Она заколебалась, Белому удалось вскружить ей голову. И она словно заново расцвела, дышала молодостью и свежестью. Крупная, статная, белокожая и румяная, в тициановском золоте тяжелых волос, гладко уложенных на уши, с плавными, неторопливыми движениями, она могла показаться кому русской красавицей, кому – великаншей из скандинавских саг, а тому, кто смотрел на нее сквозь магический кристалл блоковских стихов, даже «нежной, тихой, светлой, обаятельной и таинственной», какой запечатлела ее чрезмерно благодарная память одной современницы. Оживленная, похорошевшая, она очень следила за собой, ходила в белом пушистом боа и в горностаевой шапочке.
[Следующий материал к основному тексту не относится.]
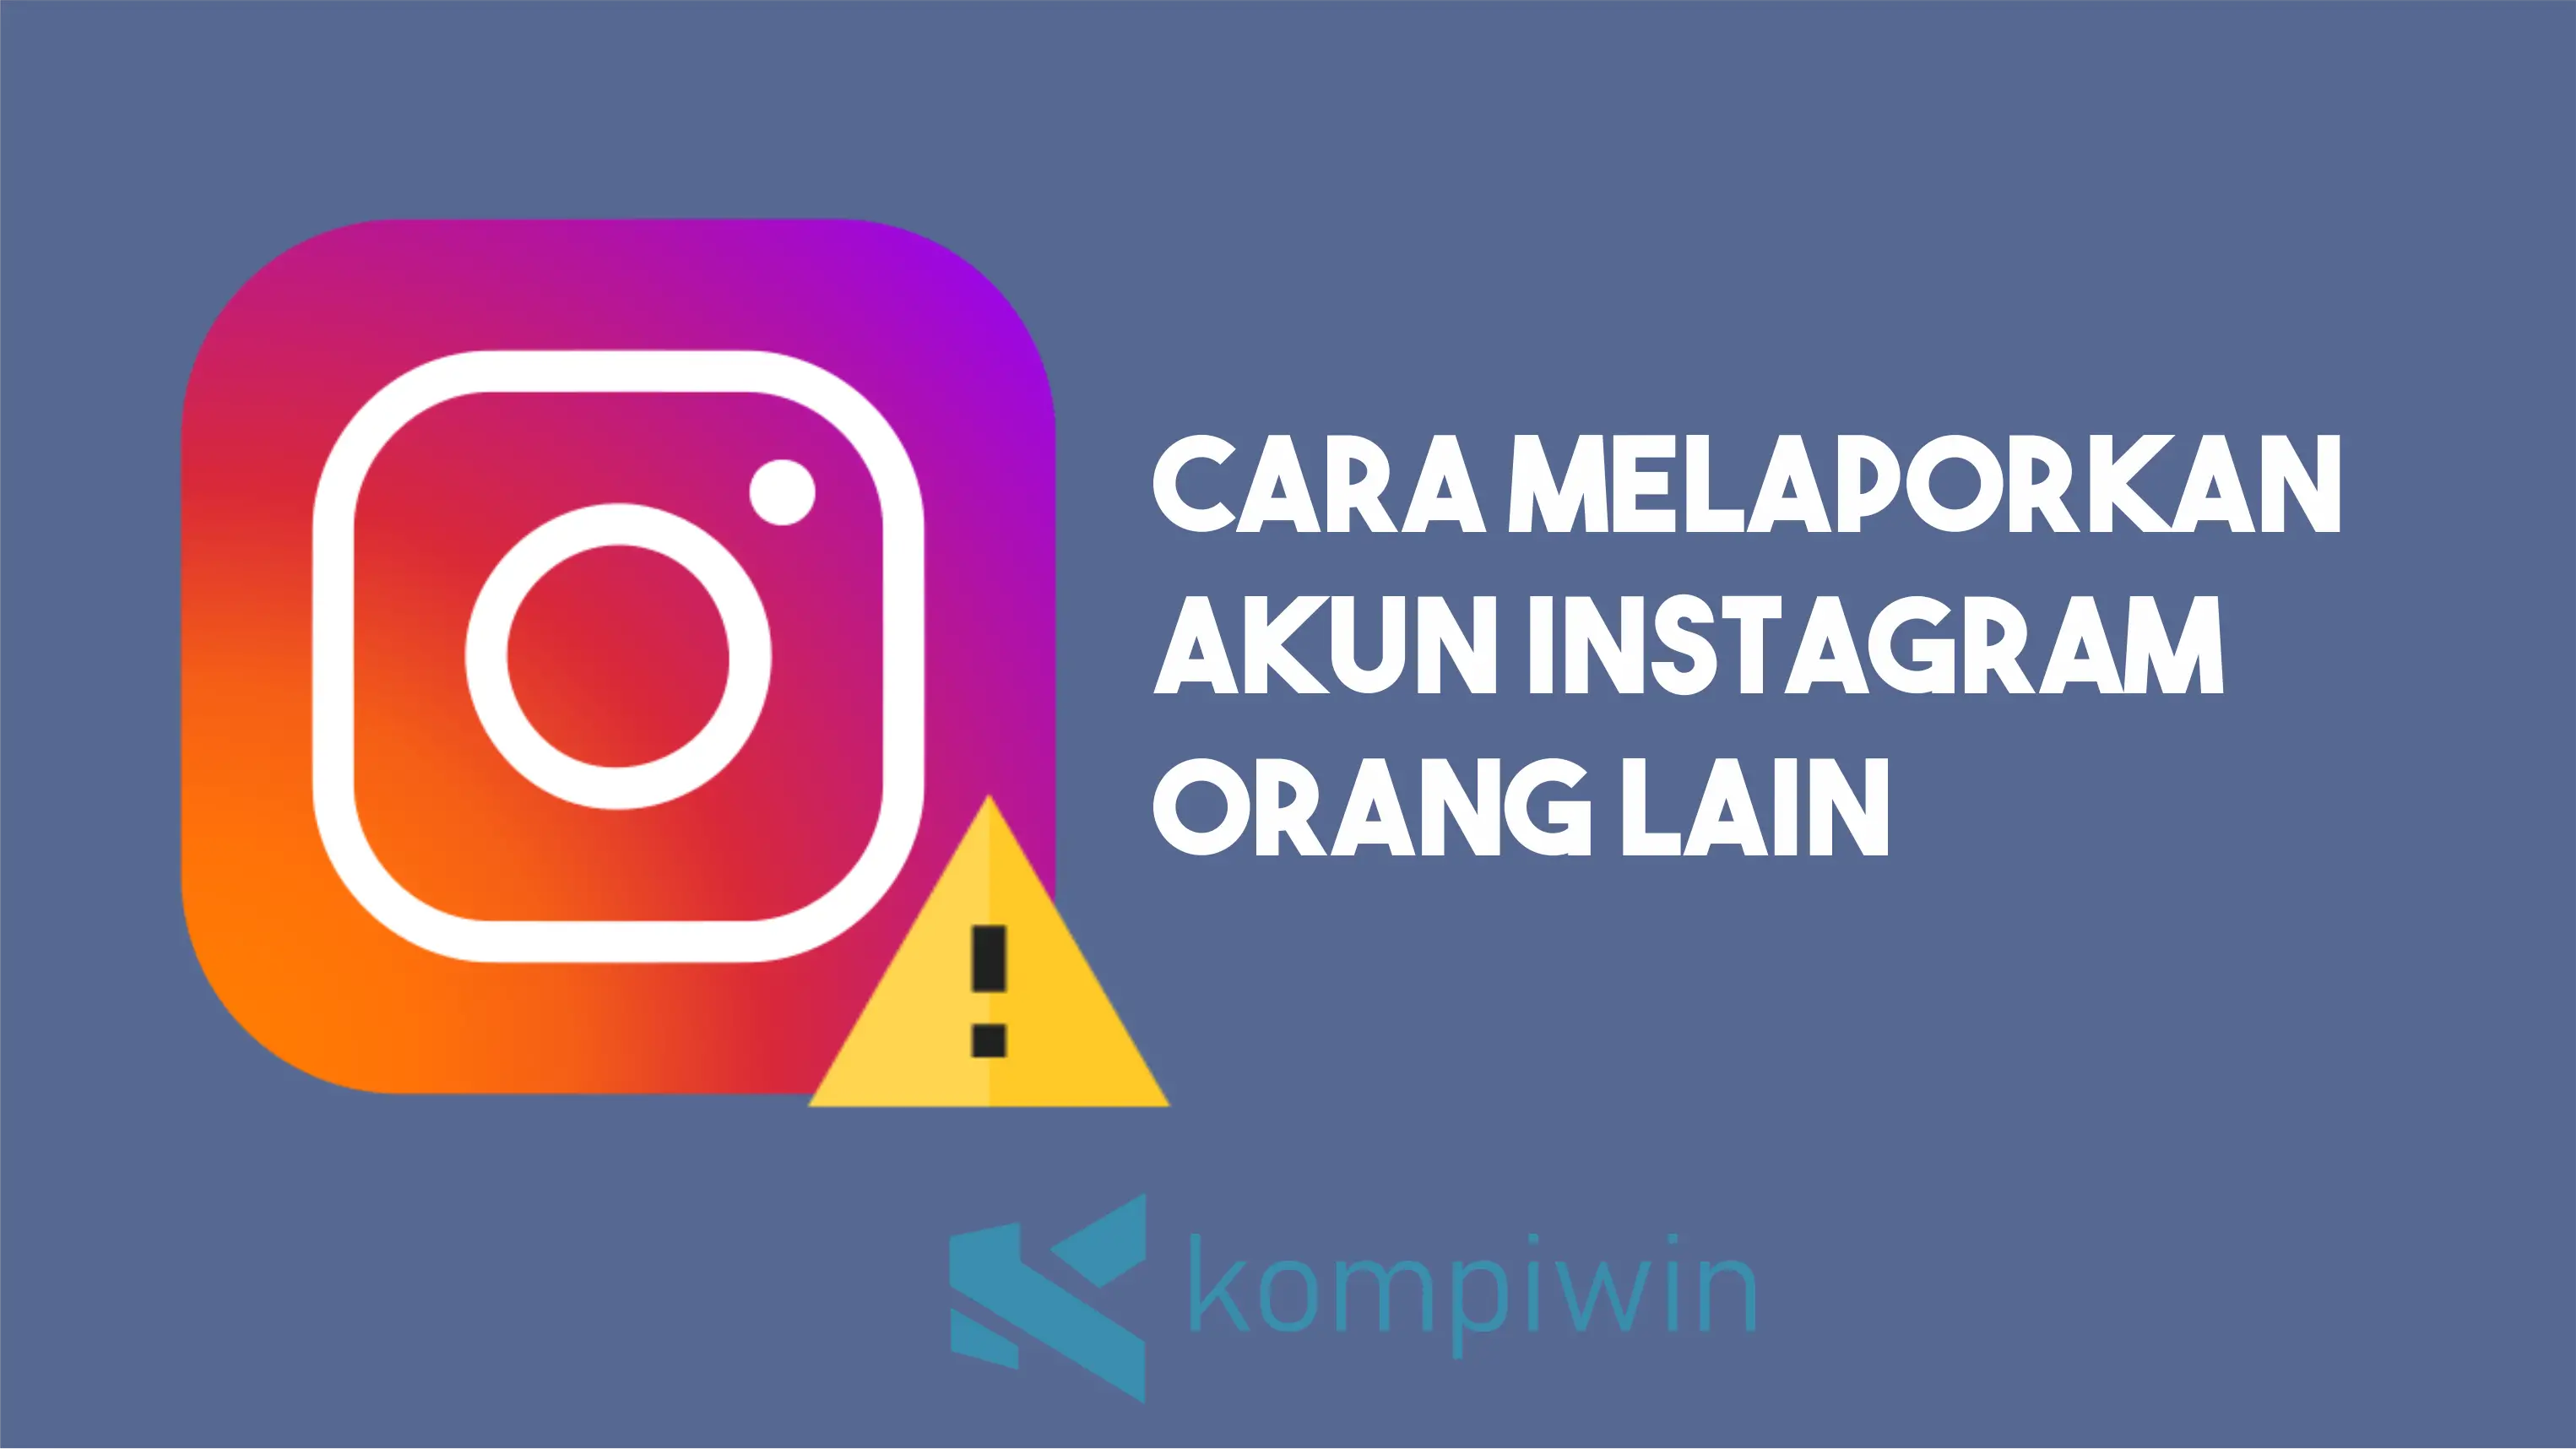 Cara Melaporkan Akun Instagram Orang Lain (Report) 1

Да и Андрей Белый был в ту пору хоть куда. Франтоватый, в картинной, широко разлетавшейся николаевской шипели с отцовского плеча, тонкий и стремительный, с печатью избранничества на челе, он смахивал на лицеиста минувших времен.
Совершенно синие фарфоровые глаза сияли, – про эти глаза говорили, что об них можно зажигать папиросу.
Неистощимый говорун, свои многочасовые (!) монологи он каким-то образом ухитрялся сводить к Любови Дмитриевне: она-де единственная и неповторимая, совершенно особенная и необыкновенная, и смысл всего, что происходит с ним, – в ее существовании.
Было от чего закружиться Любиной голове.
Мало знавший женщин и, более того, побаивавшийся их, но постоянно ввязывавшийся в сложные романы (чего стоила одна инфернальная история с Ниной Петровской!), Белый сумел представиться опытным Дон-Жуаиом.
Каждый день денщики Франца Феликсовича, посмеиваясь, вносили в гостиную корзины цветов для молодой барыни.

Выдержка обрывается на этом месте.